It is perhaps Shaheen, the no-nonsense chief of the $8.3 billion management consulting powerhouse, who is the mostyet of an industry in flux--its key leaders trading suit and tie for the lure of stock options that accompany a start-up challenge.
Shaheen, 55, said last week he was leaving Andersen after 11 years at the helm of the services giant to run online grocer Webvan, perhaps a fitting opportunity for the son of a grocer. As a young man, Shaheen spent weekends working at his father's grocery store in Peoria, Illinois.
But Shaheen, who started at Andersen fresh out of college in 1967, was seen as a controversial fixture at the consulting firm--as Andersen's culture personified. His departure has led many to question whether the perks and camaraderie of privately held consulting partnerships such as Andersen, KPMG, and PriceWaterhouseCoopers, are still enough for these career executives.
"It really does send a shiver in the hearts of the Big Five model to see a guy like George, the solidest rock, leave," said Bill Martorelli, who follows the consulting industry at Boston-based Hurwitz Group.
"The brain drain [from the Big Five] is limited so far, but will hurt traditional companies," added Stan Lepeak, a Meta Group analyst who is writing a report examining whether the loss of key executives at big consulting firms marks an exodus or an anomaly.
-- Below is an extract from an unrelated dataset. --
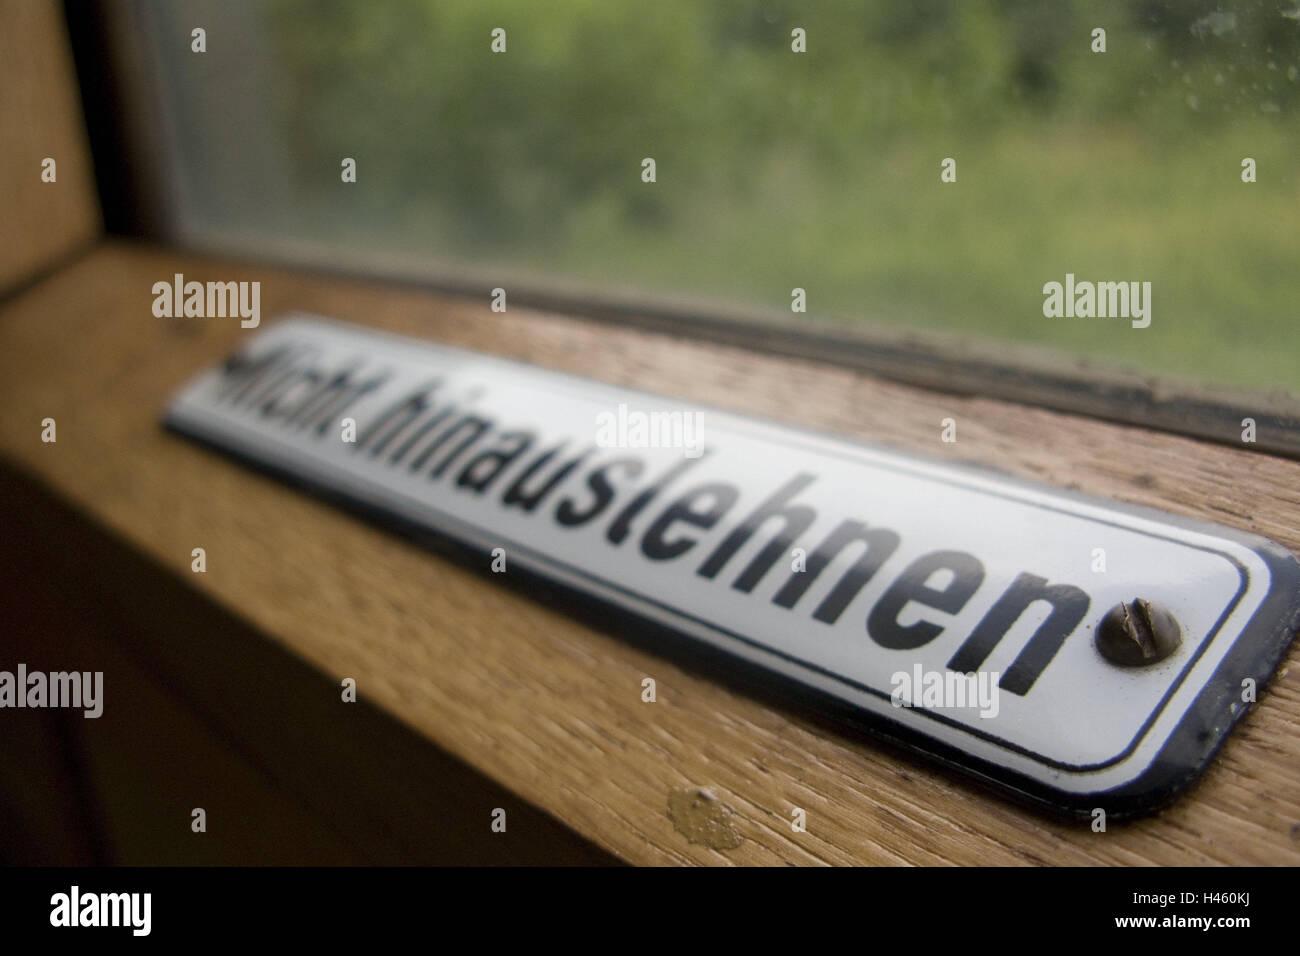 Nostalgia train, sign 'Nicht hinauslehnen' (Do not lean out), detail, - Stock Image
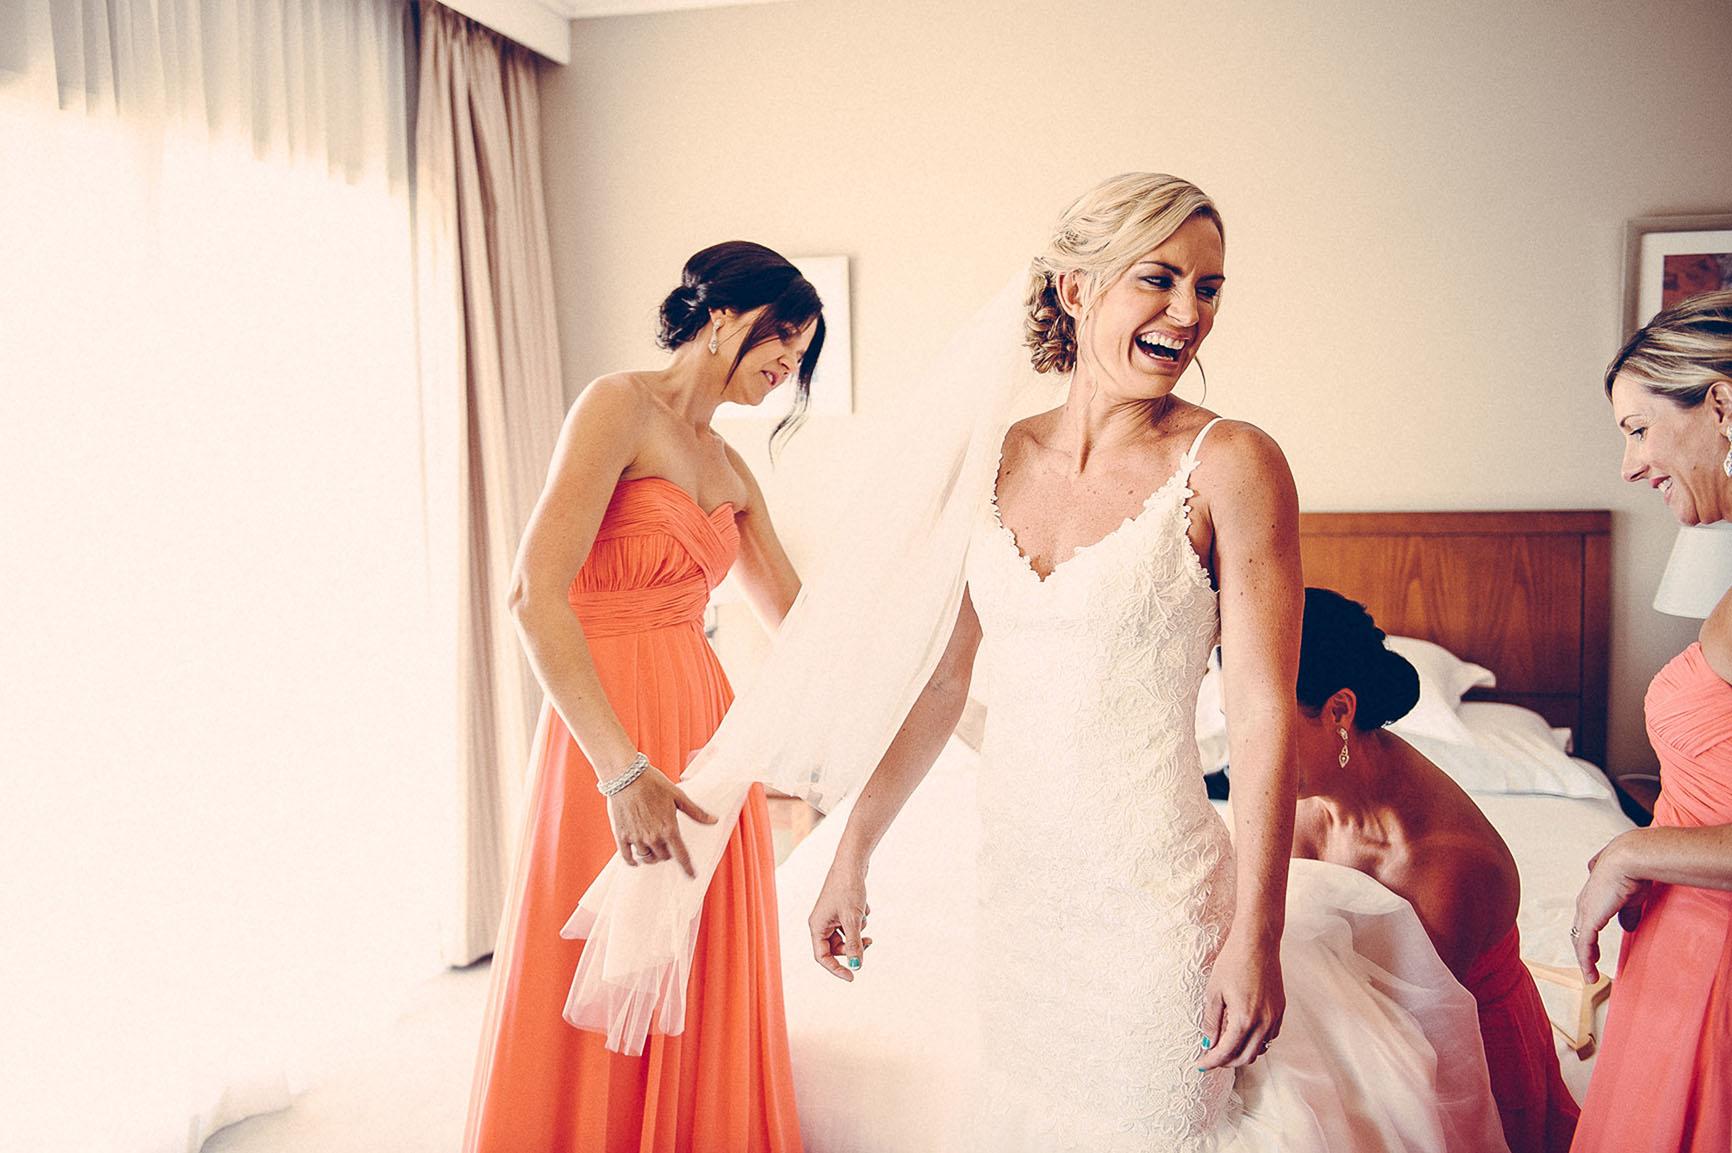 Marryme_wedding_photography_dorrigo_bellingen_photographer_40.jpg

"As a firm, [Andersen] should be concerned about this," he said. "As partners, they have to be worried."
Although the Internet stock bubble could burst at any time, the lure of getting rich in several months--instead of waiting 8 or 12 years to make partner at Andersen--is a major lure, said Lepeak. Shaheen, for example, is expected to collect a $500,000 annual salary at Webvan, though he will likely add millions more by owning 5 percent of Webvan via stock. On top of the monetary gains, Shaheen, like many high-caliber executives on the move, has the opportunity to try something new.
Rudy Puryear, who left his post as Andersen's global e-commerce chief to join little-known services firm Lante in June, said Shaheen's departure lends even more legitimacy to the start-up path, which he admits is a risk that's not for everyone.
"When the head of e-commerce and the head of Andersen leave you see there are significant opportunities outside Andersen," he said. Still, with 65,000 employees and 1,200 partners still in the field, Andersen clearly is "far more than [just] one leader," he said.
Meanwhile, industry executives, including Puryear, say resumes are flowing in from Big Five consultancies to pre-IPO firms, such as Lante, and dot-com newcomers including Proxicom, Viant, and Scient, which are now establishing growth plans and financial backing to perhaps make them the next Andersen or EDS.
Despite the loss of Shaheen, industry observers said Andersen remains a stable, well-oiled machine replete with strategy and focus that Shaheen built in before his departure.
"It's business as usual," said an Andersen insider who insisted the company isn't "reeling" from Shaheen's departure.
This wasn't Shaheen's first chance at leaving during his 30-year tenure. Described as a charismatic, brash leader, Shaheen was among the industry's most-courted executives, most recently passing over the chief's job at $16.9 billion services giant EDS, only to land at Webvan months later.
"He'd plow forward straight ahead--no B.S.," said Tom Rodenhauser, head of Consulting Information Services in Keene, New Hampshire. "He could work a room. He did what he had to do. He was always, always moving. The guy was brilliant in running a consulting firm and building it up."
Along with Puryear, Shaheen is credited with revamping Andersen to tackle the Internet economy. Over the past decade, the company has tripled its staff, increased revenues from $1.6 billion to the $9 billion expected in 1999, and pulled away from the shadow of the company's less profitable tax and accounting arm, Arthur Andersen. The two companies, which separated in 1989, remain embroiled in arbitration over terms of their split.
Today, analysts joke that the only thing Andersen doesn't do is build hardware. The company is bigger than rival strategic consulting firms McKinsey and BCG combined. It competes not only within the Big Five, but also against high-level strategy firms such as McKinsey and outsourcing and systems integration giants including EDS, Computer Sciences, and IBM Global Services.
Whether Andersen will tap its new chief executive from among the older, more seasoned managing partners, such as Jack Wilson or Jim Fisher, is now the key question, industry observers said.
Puryear said Andersen could also opt for a younger Andersen candidate who could provide more long-term stability. Considering that the firm's partner model allows for early retirement at age 56, opting for a choice member of the inner circle could leave just two or three years to lead before that person would likely step down, he said.
"They might get someone in the 40- to 45- [year-old] range who has a good 10 years to provide continuity of leadership," Puryear said. A replacement, who will be recommended by Andersen's 12-member oversight committee, is expected to be named in November at the partners' meeting.
Regardless of which Andersen executive is picked, Rodenhauser predicted Andersen will "plod on" without Shaheen.
"It's a supertanker that's just going and going for another 500 miles," he said. "But they're going to lose a lot of people. There are lots of Shaheen disciples."